True understanding comes not from looking at, but from looking in. Science is often touted as our way of understanding the world around us. But is it really?
Science is reductionist. If a botanist wants to understand a tree, she analyzes the parts of the tree in isolation, the process of photosynthesis, the pattern, shape, and degree of root growth, the hydraulic system of water dispersal from roots to leaves. This undoubtedly leads to a great deal of understanding of how trees "work." But does this botanist really understand this particular tree? I don't think so. The reductionist, scientific approach, while powerful, is incapable of forging an understanding of the composite whole. Science "divides and conquers" wonderfully, but synthesizes poorly.
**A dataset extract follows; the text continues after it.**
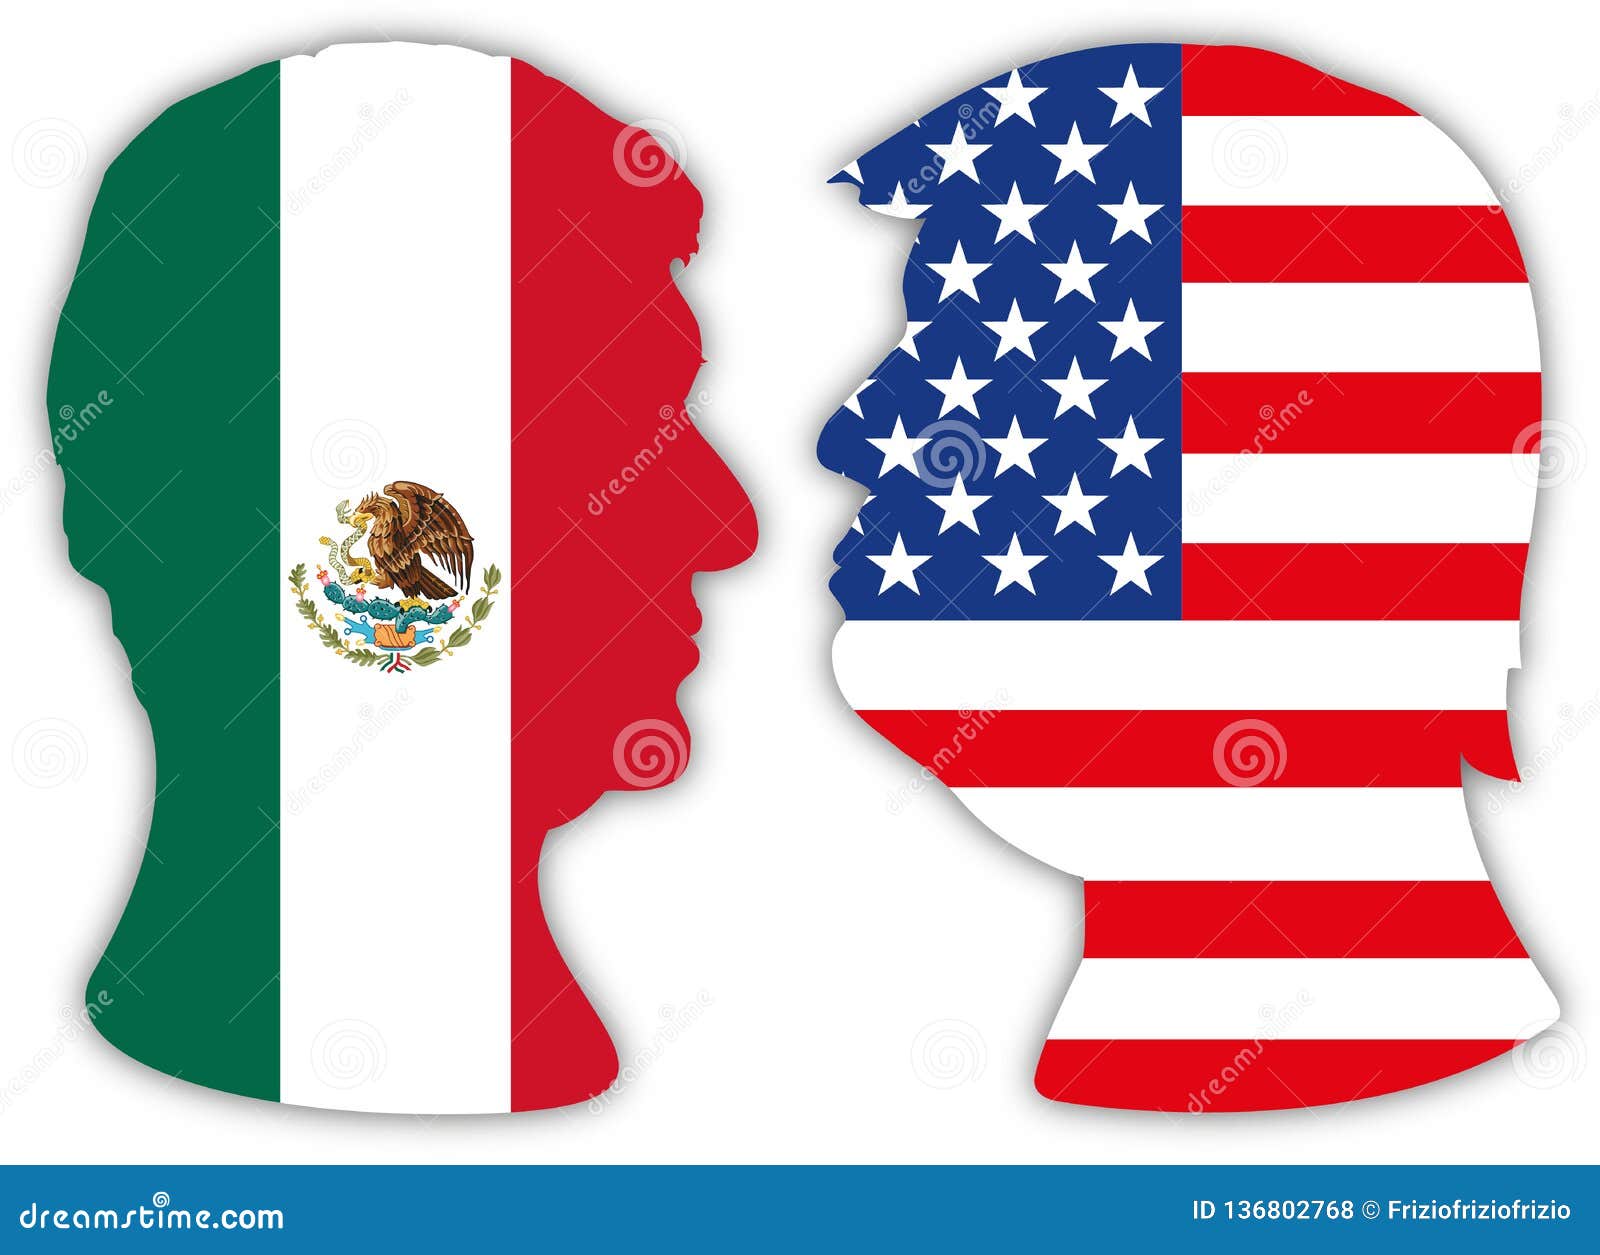 obrador and trump portraits silhouette with flags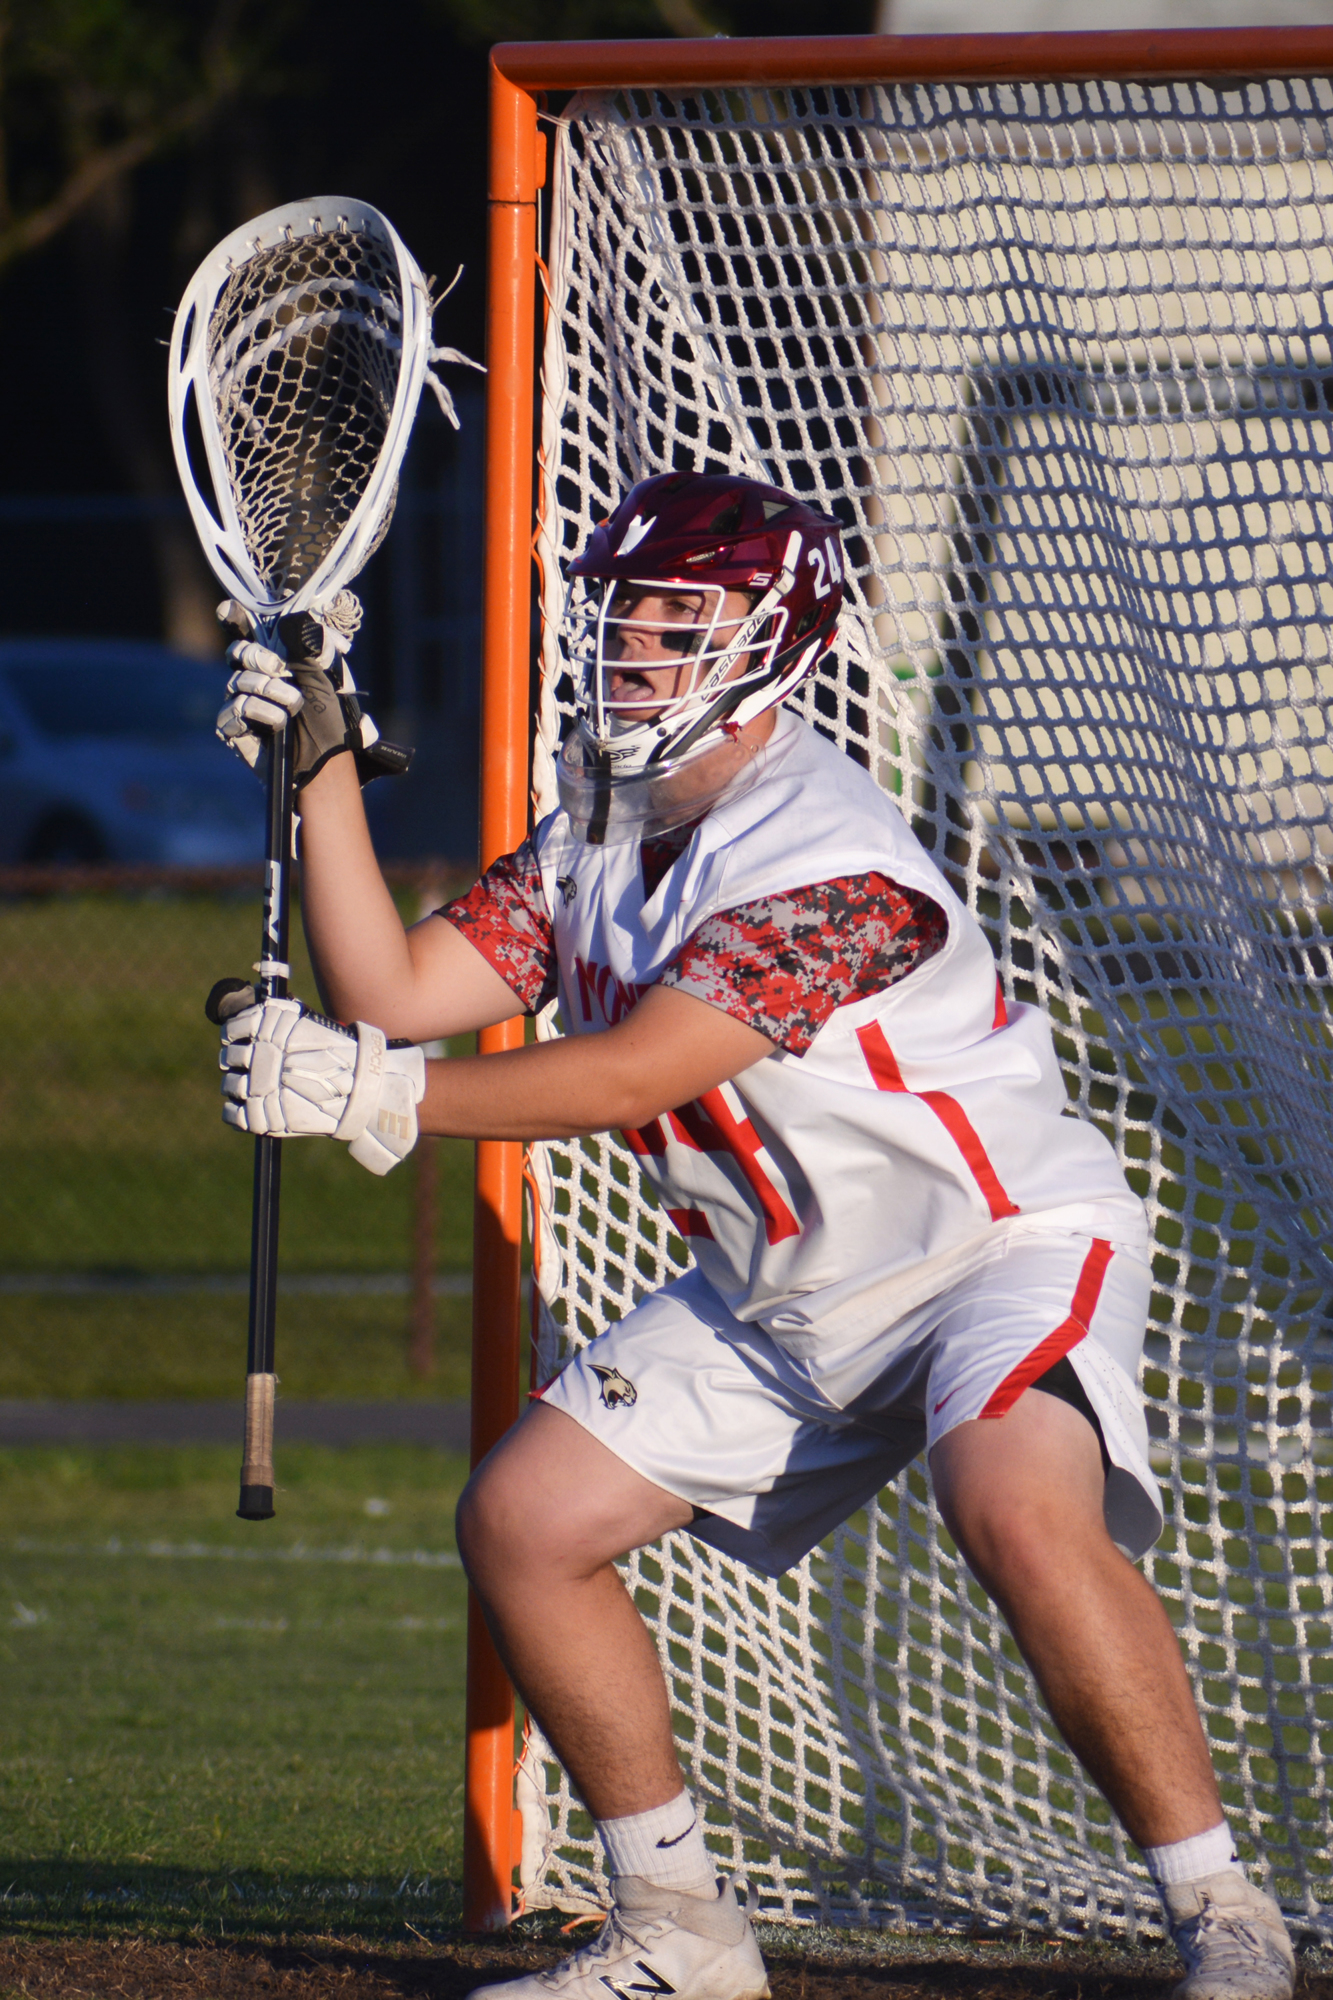 Nick Petrucelli is a senior leader in goal for the Cougars.

Poets, artists, writers—these people give us a real understanding of our world by creating a gateway through which we identify and merge with the artist's subject. We play our own role in this process as well. If you want to get to know a particular tree in your neighborhood, sit and look at it for a minute. Allow your eyes to roam over the tree, absorb its features. Feel the textures with your eyes. Do so with your hands too! Listen to the wind weaving through its leaves. Experience the tree, merge with it.
In the same way, Thich Nhat Hanh writes, "If we want to understand a person, we have to feel his feelings, suffer his sufferings, and enjoy his joy. The word 'comprehend' is made up of the Latin roots cum, which means 'with,' and prehendere, which means 'to grasp it or pick it up.' To comprehend something means to pick it up and be one with it. There is no other way to understand something."[1]
So analyze parts to understand how things work. But synthesize the whole, to really know.
[1] Peace is Every Step, Thich Nhat Hanh. 1992.
1 comments:
Thank you, Jonathan!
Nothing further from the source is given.